Outro, o do militante cristão que ataca o movimento gay mediante um discurso de pura moralidade tradicional, sem notar que esse movimento é apenas a ponta de lança de uma estratégia muito maior, calculada até mesmo para fazer concessões à moralidade tradicional e trocar, se preciso e no momento devido, o apoio da militância gay pelo das igrejas tradicionais. Ninguém entenderá nada, absolutamente nada do que se passa nesse domínio se não levar em consideração que as forças que instigam os gays contra a moral cristã no Brasil, nos EUA ou na Europa Ocidental são as mesmas, as mesmíssimas que punem o homossexualismo com pena de prisão ou morte nos países comunistas e islâmicos. Essas forças estão tão interessadas em liberdade sexual quanto eu estou interessado em Pokemons . E não conheço, ao menos no Brasil, um só militante cristão que, na sua defesa entusiástica da moral religiosa, tenha parado para pensar que seu discurso – e a progressiva radicalização desse discurso, em reação à escalada gay – pode ter entrado de antemão nos cálculos da estratégia revolucionária. No entanto, pelos frutos os conhecereis: quantas igrejas, fugindo do avanço gayzista, não têm aderido aos partidos de esquerda em troca de duas ou três palavrinhas, de pura esmola e da boca para fora, em favor da moralidade cristã?
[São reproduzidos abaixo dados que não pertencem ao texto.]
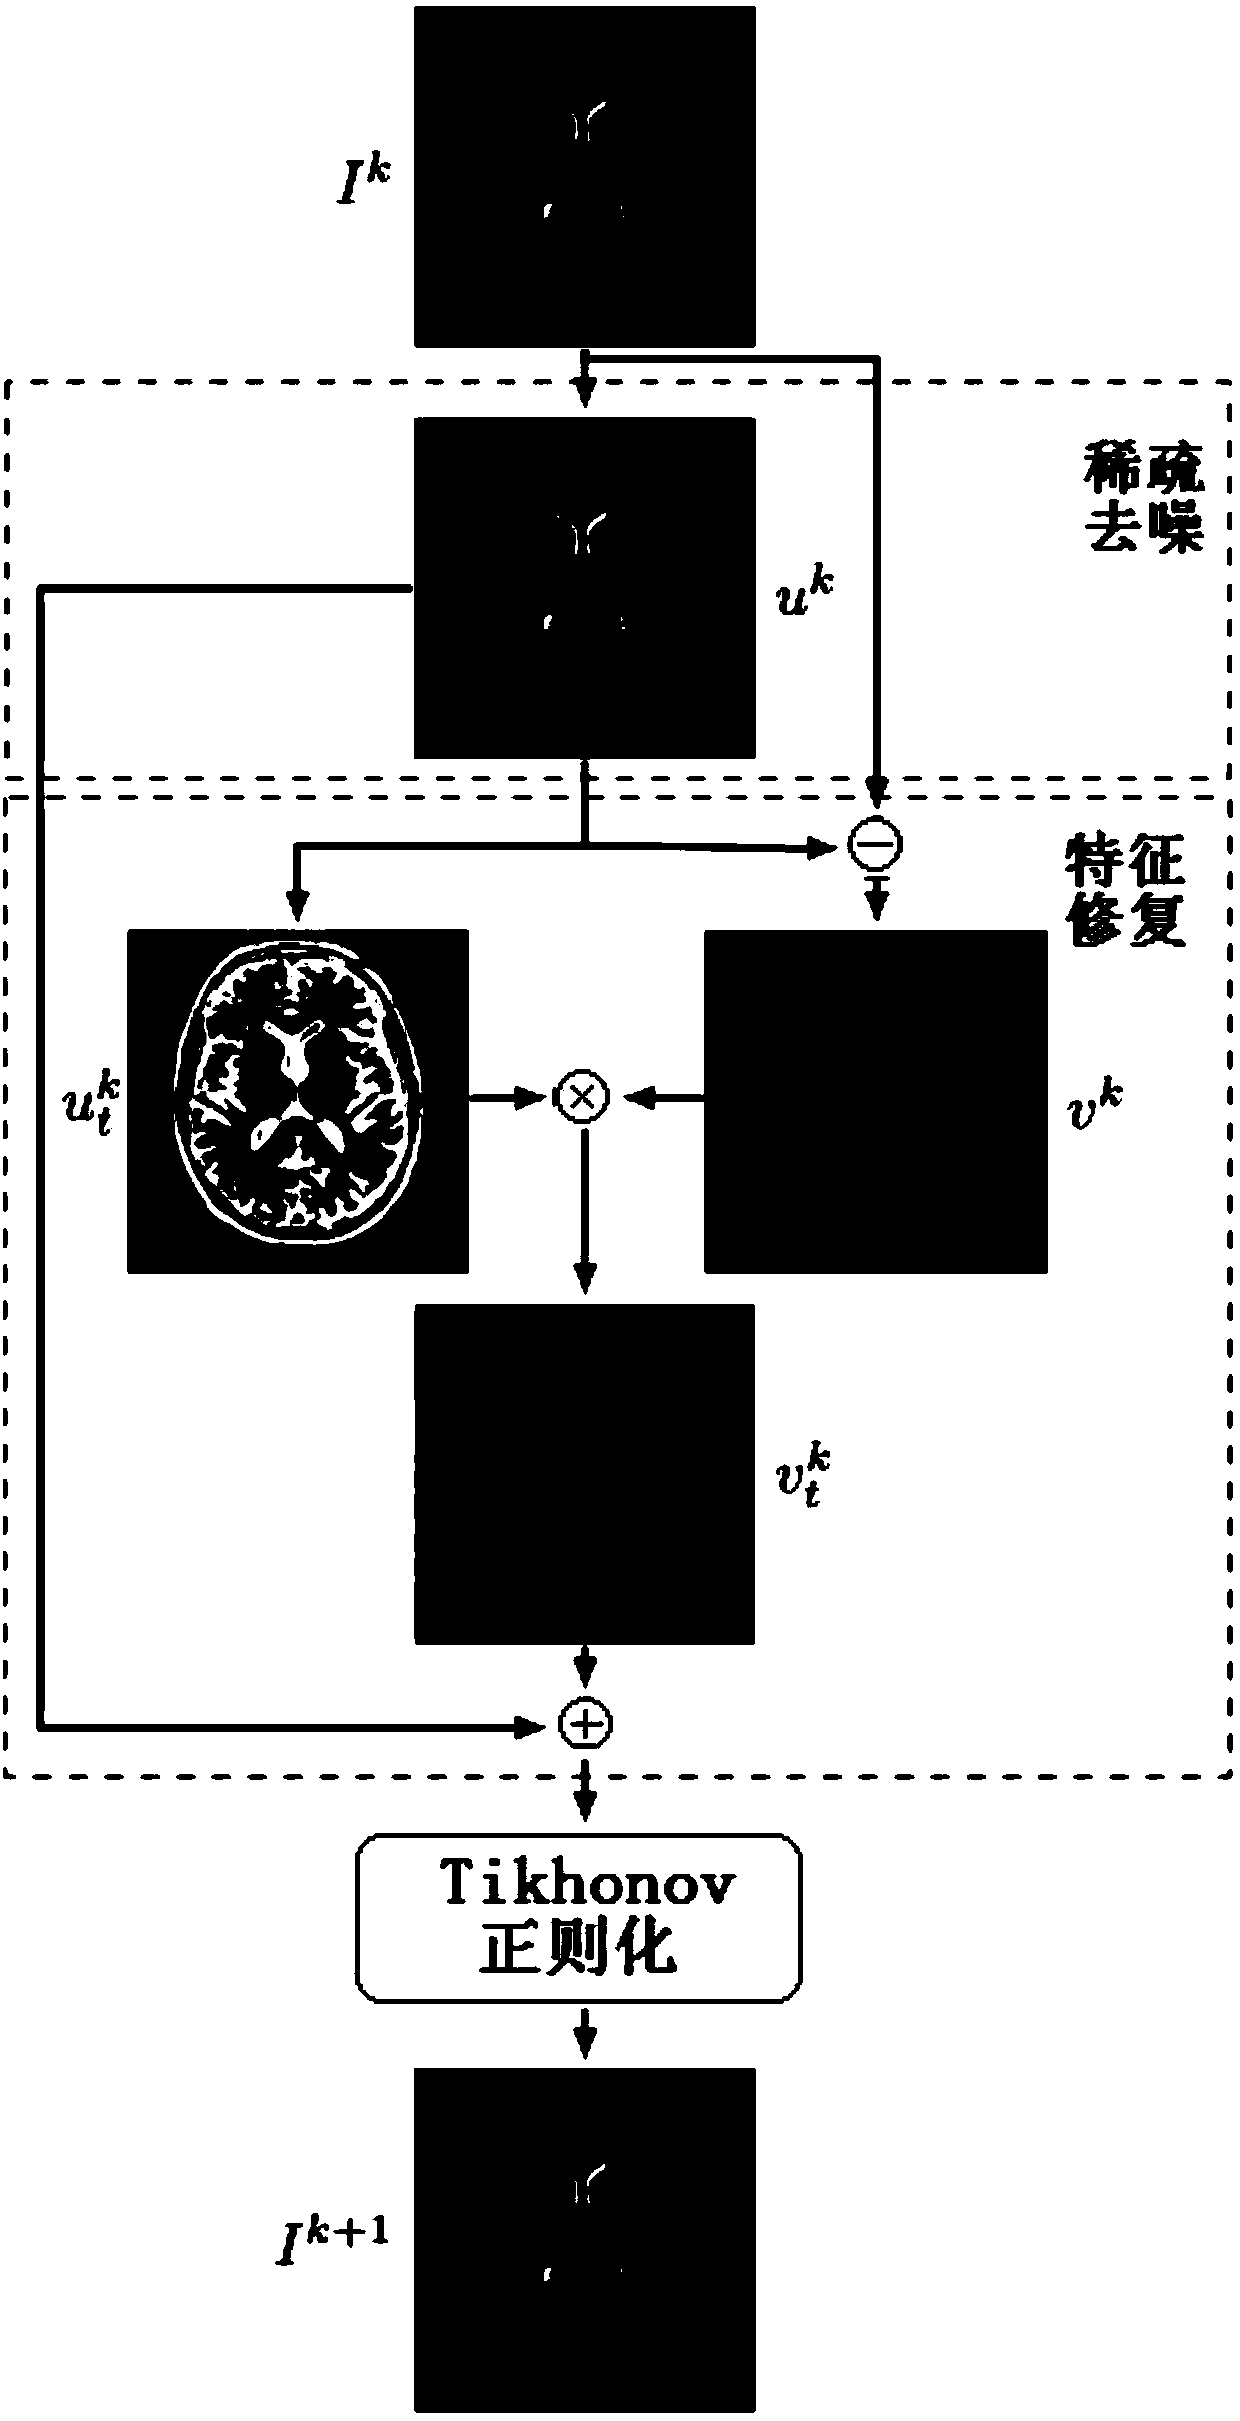 A magnetic-resonance fast imaging method and system based on iterative feature correction

Mas o exemplo mais especialmente patético é o fazendeiro que acredita poder defender sua propriedade contratando jagunços, enquanto em torno, sem que ele veja, todas as estruturas jurídicas, sociais e culturais já foram modificadas para colocar contra o seu direito de propriedade os tribunais, a polícia, o exército e até a opinião pública.
Não estou dizendo que os fazendeiros sejam incultos e tolos. Mesmo gente de profissão letrada — jornalistas, empresários, oficiais militares – parece não perceber a obviedade escandalosa de que o que está acontecendo no Brasil não são meras invasões de fazendas: é uma das mais vastas, sistemáticas e irreversíveis operações de transferência de propriedade que já se viram no mundo.
Planejada desde há muitas décadas, no seio de think tanks de esquerda e organismos internacionais, essa operação se desenrola, até agora, em seis fronts simultâneos, articulados para muito além do que as vítimas de seus ataques podem enxergar no momento:
1) A ocupação de fazendas pelos “sem terra”.
2) A ocupação de propriedades urbanas pelos “sem teto”.
3) A transferência de vastas porções de território para as “nações indígenas”, imunes à ação do Estado brasileiro e prontas a declarar sua independência.
4) A desapropriação de casas e terrenos pelos autodeclarados “quilombolas”.
5) A abertura de territórios livres entregues ao domínio de narcotraficantes associados às Farc, vacinados contra toda ação policial.
6) A compra de imensas faixas de terra por estatais chinesas, por agentes da máfia russa (que é o próprio establishment russo) e por milionários árabes com possíveis vínculos com o terrorismo internacional.
Façam as contas da extensão já transferida, avaliem os planos de expansão traçados para os próximos anos, e entenderão que o Brasil já tem uma nova classe dominante, ainda espalhada e amorfa em aparência, mas muito bem articulada, como força histórica, no plano estratégico mais vasto. Para qualquer estrategista revolucionário, mesmo chinfrim, a conexão ao menos teórica desses seis pontos é um requisito primário, óbvio e indispensável. E, hoje em dia, a correspondente articulação prática já em ação pode ser facilmente reconstituída, com um pouco de paciência, juntando os pontos entre as entidades envolvidas e desenhando a trama de suas conexões internacionais – um estudo que qualquer analista estratégico medianamente responsável sabe ser a condição inicial de qualquer diagnóstico da situação.
Para as vítimas do processo, no entanto, a mera hipótese dessa articulação parece tão complexa e diabólica que, por medo de ficar com medo, preferem rejeitá-la mediante o apelo irracional, mas infalível, ao chavão prêt-à-porter : “É teoria da conspiração.”